To monitor the effect of sorafenib on the subcellular components, the average cluster spectra of the plasma membrane region, cytoplasm, nucleus, and lipid droplets for the sorafenib-treated cells and the control of, for example, the HT29 cells were recorded as described previously,⁴⁷ and the results are displayed in Fig. S4 and S5.† Only the average spectra of the nucleus contain the DNA marker band near 790 cm⁻¹ (O–P–O backbone stretching). The average spectra of the lipid droplets are similar to those of high lipid or phospholipid contents.^46,47 The difference spectra (untreated cells – sorafenib-treated cells) of the plasma membrane region, cytoplasm, nucleus and lipid droplets were also determined and are shown in Fig. S6.† These difference spectra revealed spectral changes implying variations in the subcellular organelles upon treatment with sorafenib.
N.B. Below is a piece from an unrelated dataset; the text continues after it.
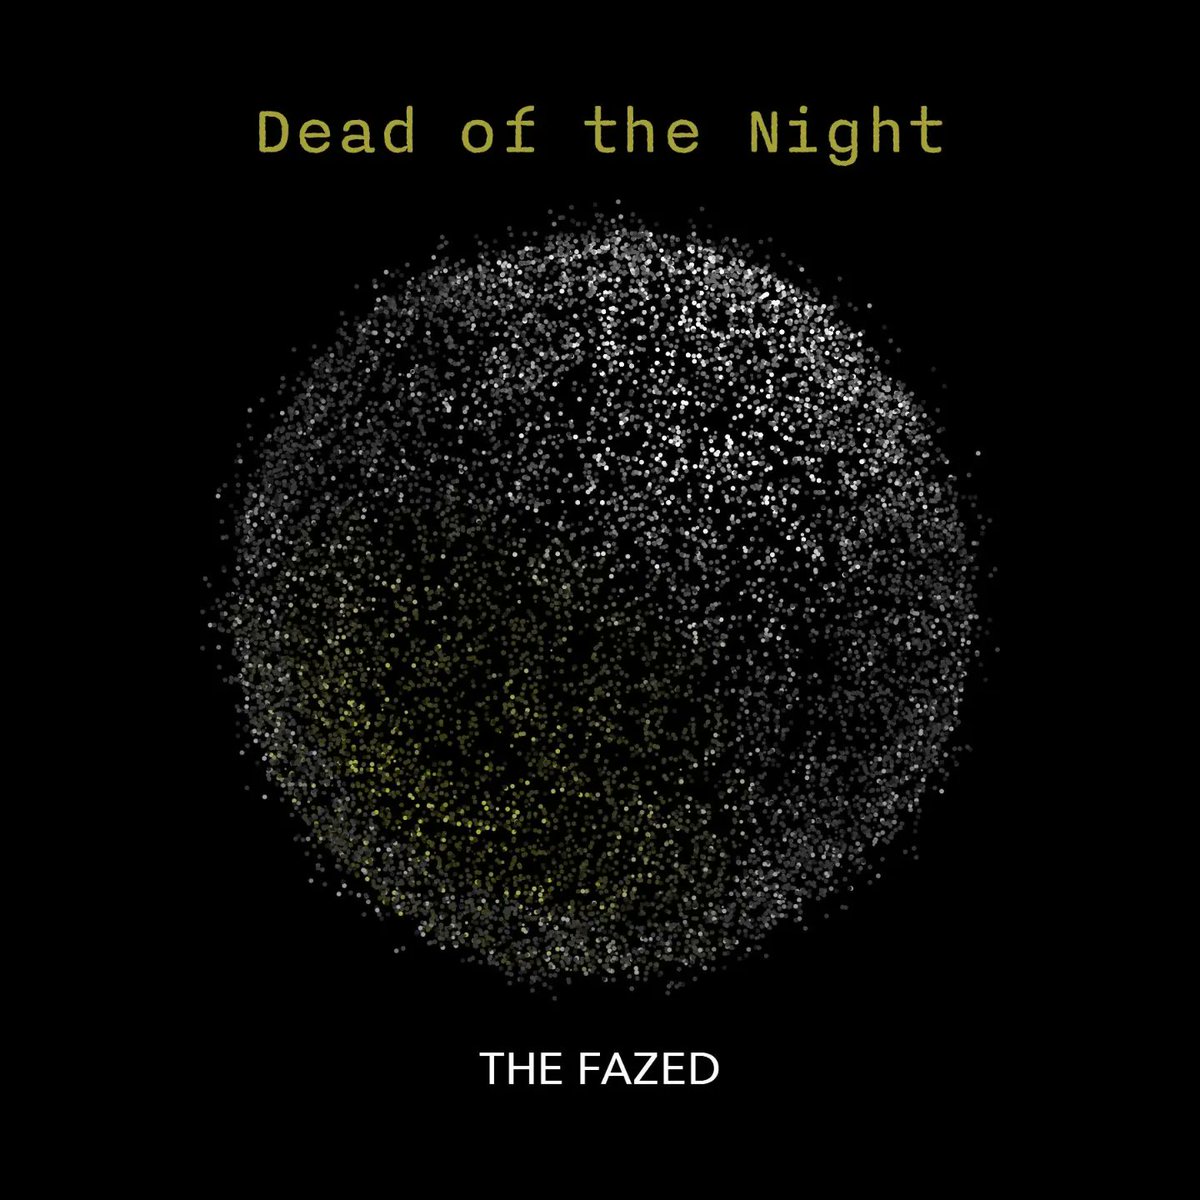 OUT NOW! DEAD OF THE NIGHT - The Fazed On all major platforms (Spotify, Amazon Music, Apple Music, iTunes) Mixed and mastered by Adam Ellis - Deadline Studios  Video: Marc Hamill - Roasted Productions #NewMusic open.spotify.com/album/5n25ns2R… youtu.be/LISETKRe0WM?si…

Taking together the Raman results, RTCA, and the western blot analysis, the detected Raman spectral changes can be considered as a cellular response to sorafenib.^46,47 However, there is a discrepancy in the case of SW48 cells between the RTCA and Raman results on the one hand and those of ERK phosphorylation on the other hand. Both the RTCA and Raman results suggest that the SW48 cells responded to sorafenib, while ERK phosphorylation was not inhibited by sorafenib under similar experimental conditions. Such discrepancy has been observed previously for the SW480 cells treated with panitumumab. The Raman results suggested that the SW480 cells did not respond to panitumumab due to the K-RAS mutation similar to the clinical observations, while ERK phosphorylation was inhibited by panitumumab.⁴⁷

In our previous study,⁴⁶ the Raman difference spectra of the untreated cells versus the erlotinib-treated cells displayed major spectral changes in the SW48 cells harbouring wild-type B-RAF, whereas minor/limited changes were detected in the case of the HT29 cells containing the B-RAF^V600E mutation. These minor/limited changes were observed because the HT29 cells harbouring the B-RAF^V600E mutation have a limited response to EGFR inhibitors.¹³ In the present study, sorafenib overcomes the B-RAF^V600E mutation, and larger spectral changes especially in the C–H stretching region and consequently a clear effect on the HT29 cells were observed. These results are in agreement with the clinical results that indicate a positive response of B-RAF^V600E-mutated tumours to sorafenib treatment.^27–30

The SW480 cells harbouring the K-RAS mutation showed no response to EGFR inhibitors such as panitumumab and erlotinib.^46,47 These results are in agreement with the observed response of colorectal cancer patients in clinics. In contrast, the SW480 cells showed a response to sorafenib, which is a multi-kinase inhibitor. These results are in the same line with the clinical trial Phase II (NEXIRI) results, conducted on patients with K-RAS-mutated metastatic colorectal cancer. The results showed that using sorafenib in combination with irinotecan enhances the tumour response of patients who are initially resistant to irinotecan monotherapy.²⁶

Label-free distribution of sorafenib in cells by Raman spectral imaging

One of the major evaluation criteria of drug pharmacokinetics is the detection of the subcellular uptake of the therapeutic agent. However, imaging the uptake of small molecule drugs or drug carriers is highly challenging using conventional Raman micro-spectroscopy. This is because drugs or their carriers often accumulate at lower concentrations within cells. There is a general consensus to use functional groups such as an alkyne, nitrile, or isotopic label (deuterium or ¹³C) as a label-free marker to improve the Raman sensitivity of the molecule of interest since these groups have Raman bands in the silent region of the cell spectrum (1800–2800 cm⁻¹).^{45,52,54,60–64} These label-free Raman tags are in some cases inherent to the chemical structure of the molecule under examination such as the presence of an alkyne group in erlotinib and EdU, and a nitrile group in neratinib,⁶⁴ or alternatively, they may be integrated by the chemical modification of the parent structure.^45,51 On the other hand, the sorafenib chemical structure (Fig. 6) does not contain any of these label-free Raman tags that can provide vibrational bands in the silent region of the Raman cell spectrum. Consequently, it is more challenging to detect the intracellular uptake of sorafenib using only Raman bands in the fingerprint region of the Raman spectrum.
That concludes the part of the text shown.